**TASK BRIEF:** In the listing below, locate the lines that hold "tout" and copy them.

**DATA RECORDS:**
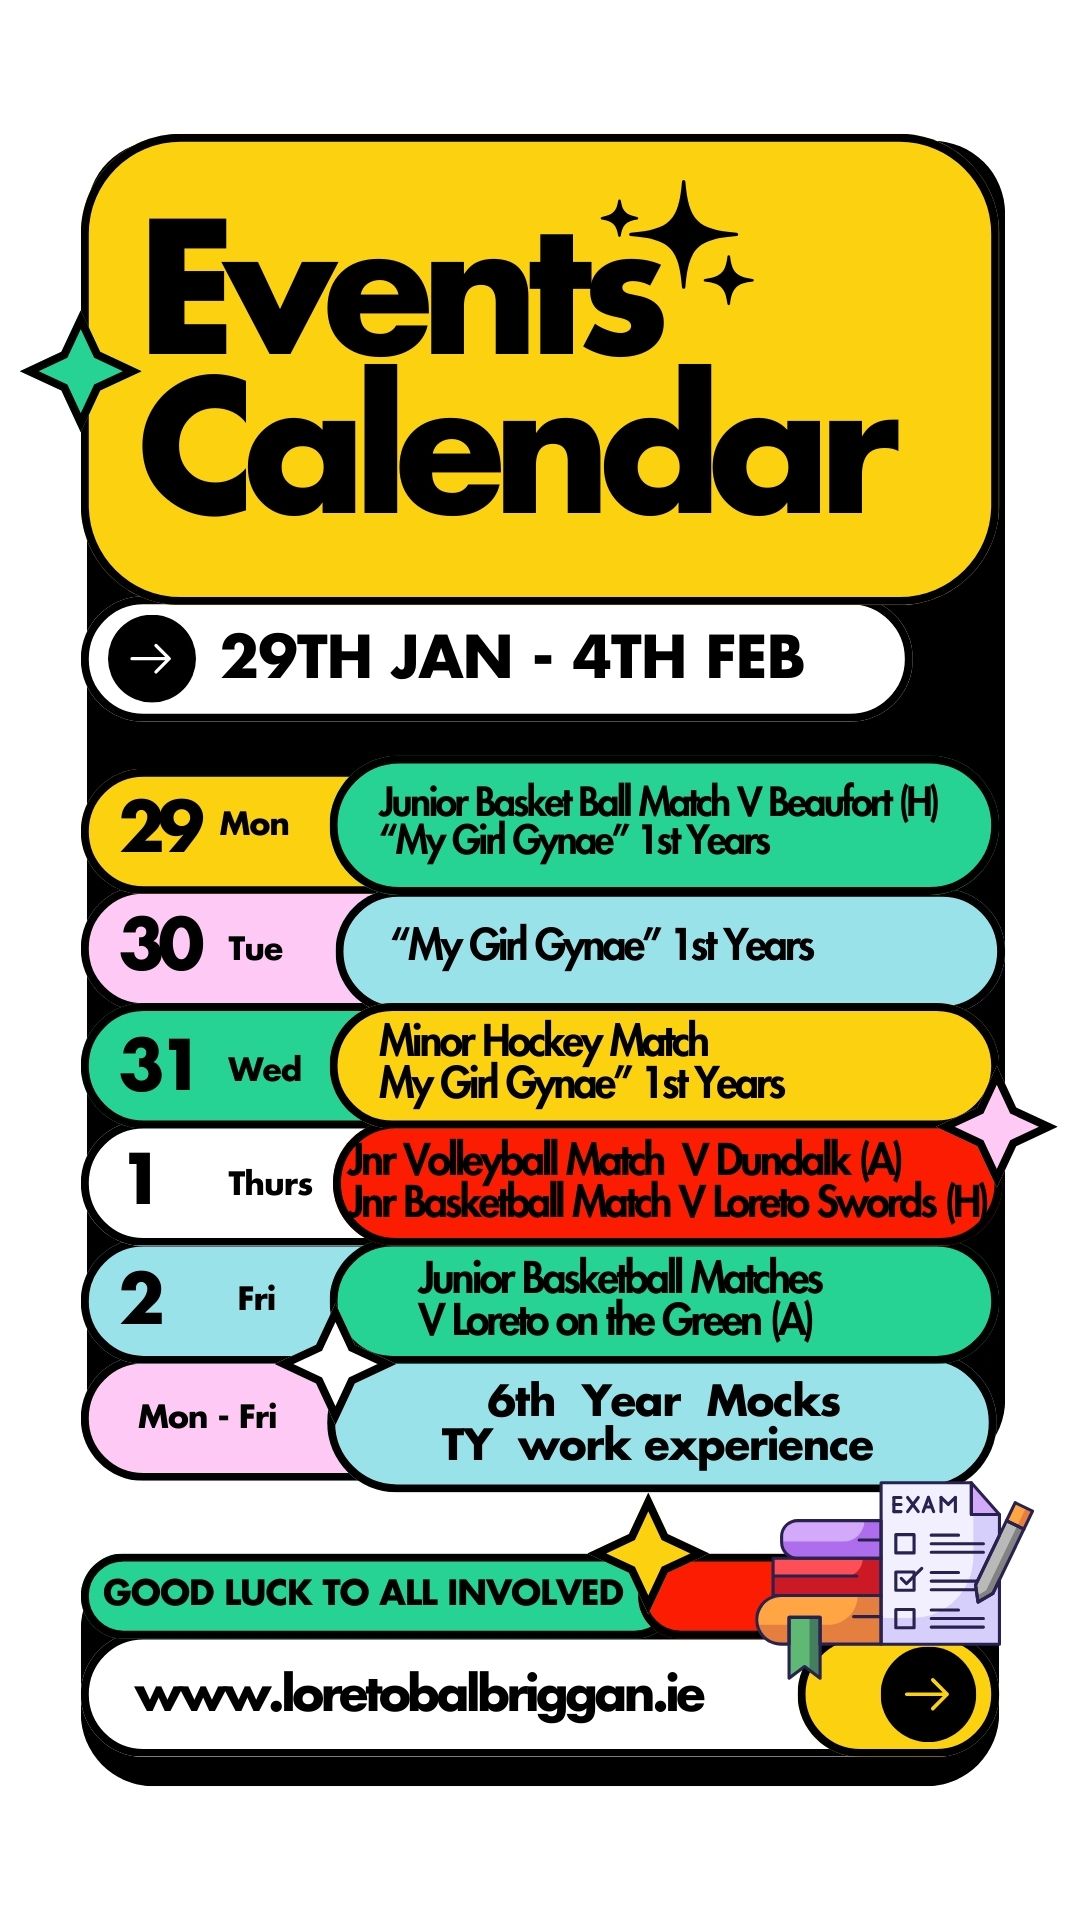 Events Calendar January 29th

---

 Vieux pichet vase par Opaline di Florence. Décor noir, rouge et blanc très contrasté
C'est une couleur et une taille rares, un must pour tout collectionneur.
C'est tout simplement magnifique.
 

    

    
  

==

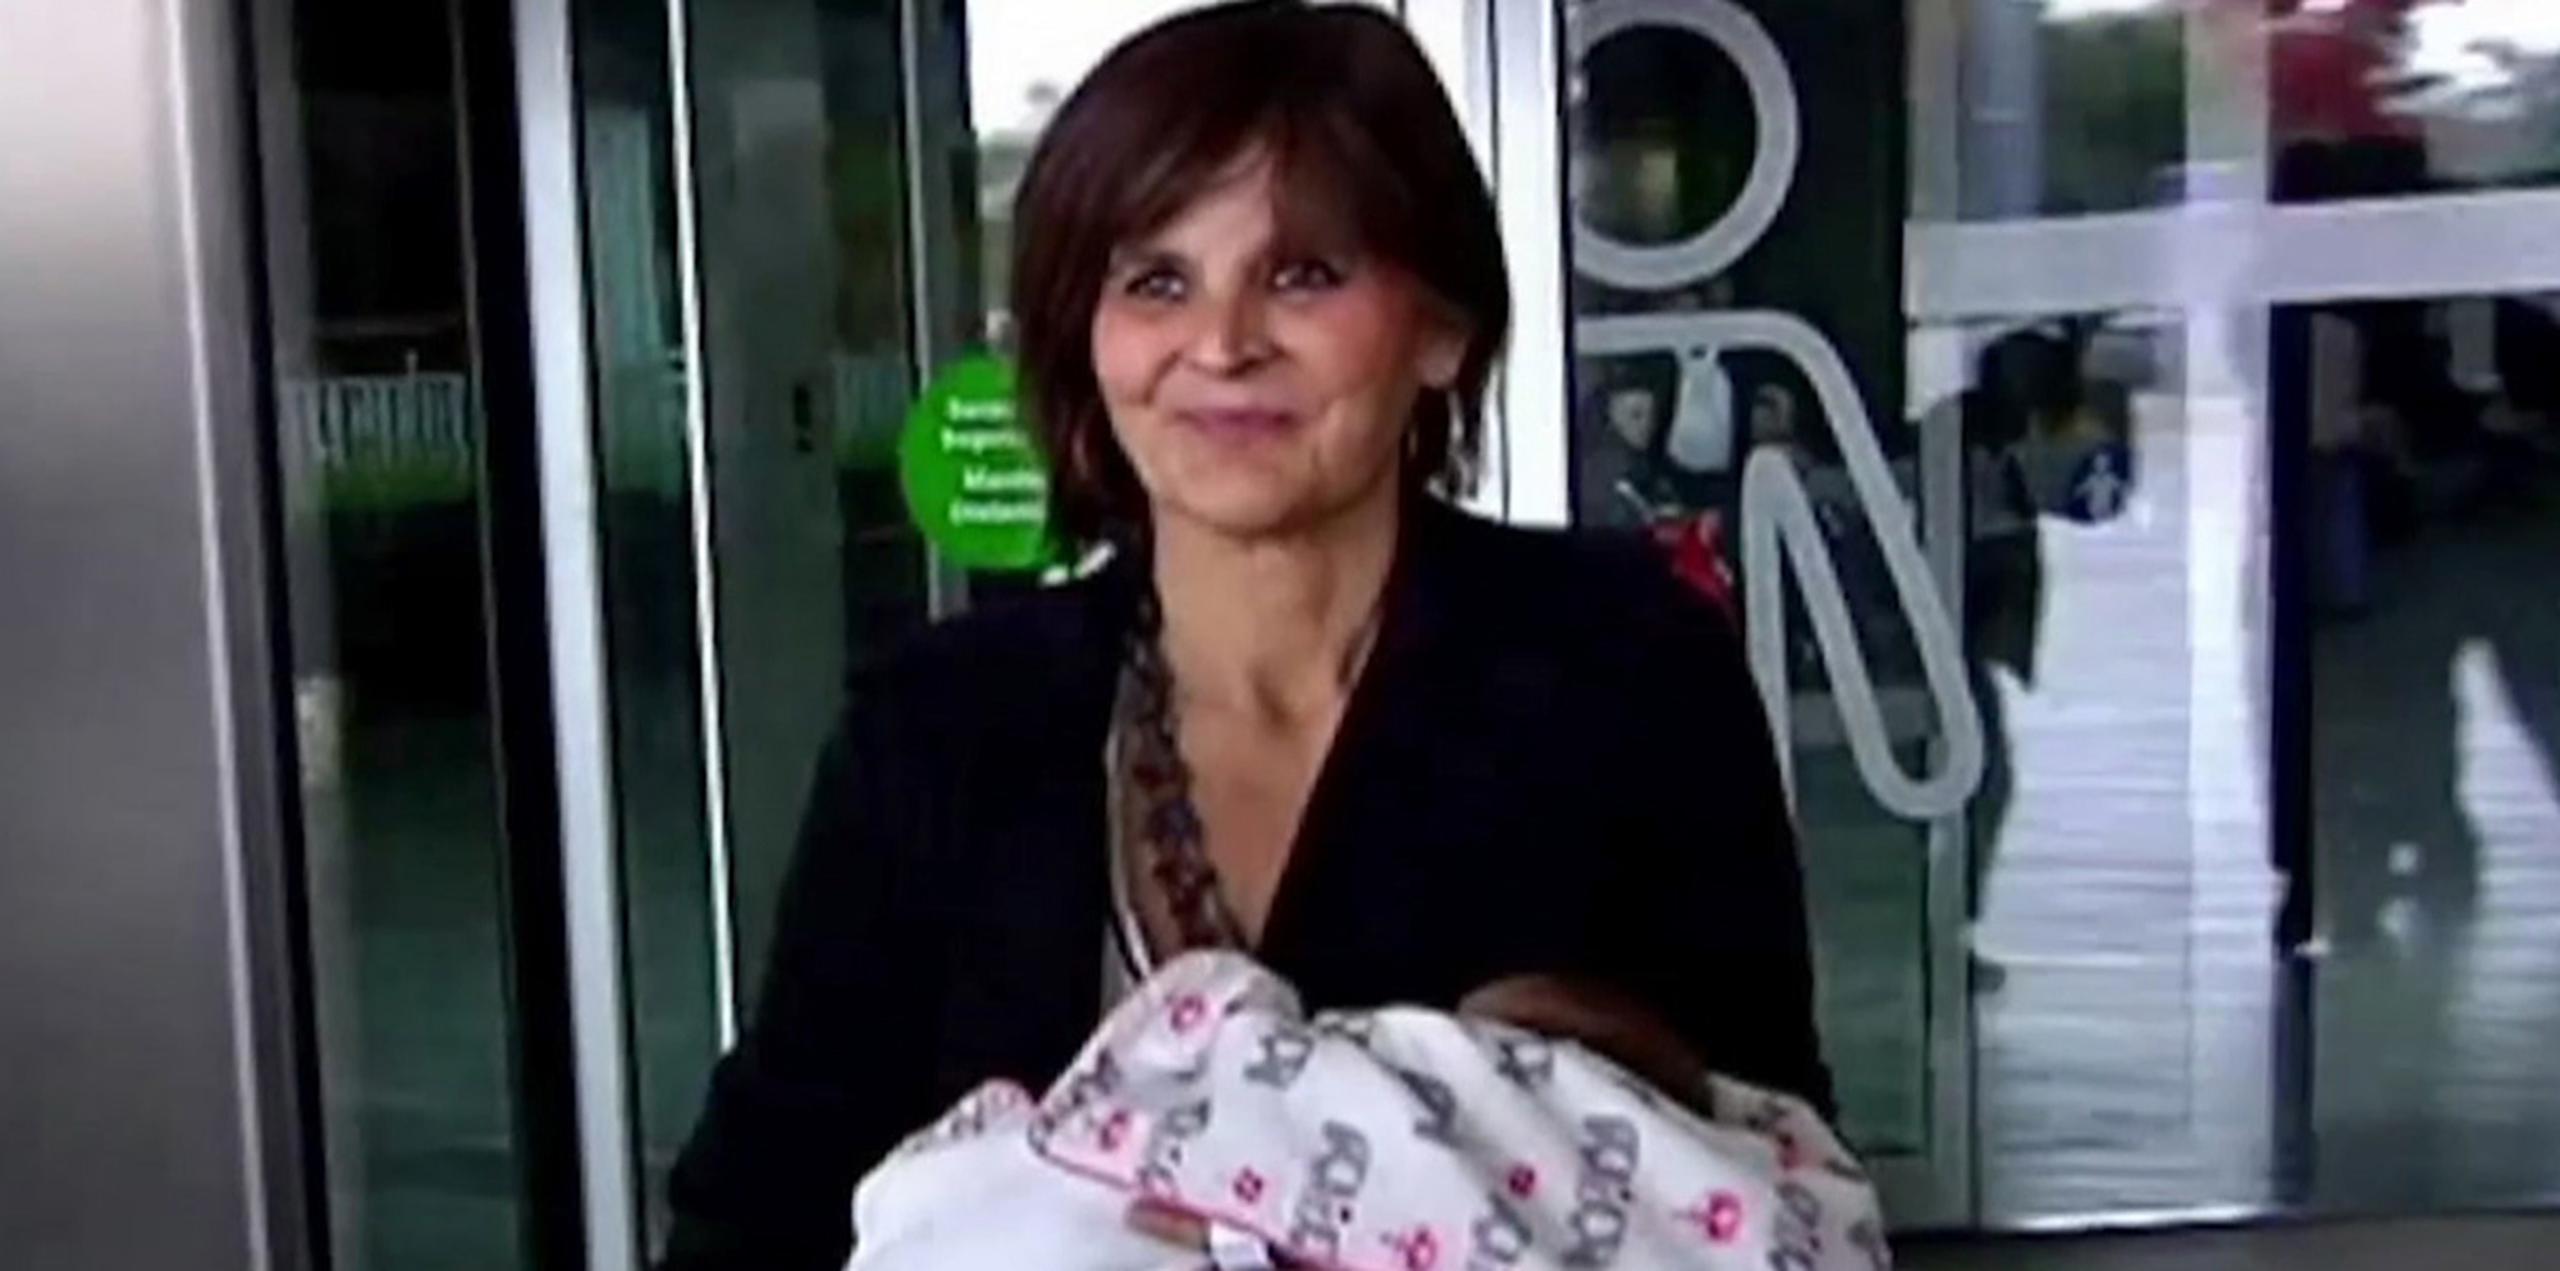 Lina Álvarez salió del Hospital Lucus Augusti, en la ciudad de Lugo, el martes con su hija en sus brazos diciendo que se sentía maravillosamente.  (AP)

**TASK RESPONSE:**
C'est une couleur et une taille rares, un must pour tout collectionneur.
C'est tout simplement magnifique.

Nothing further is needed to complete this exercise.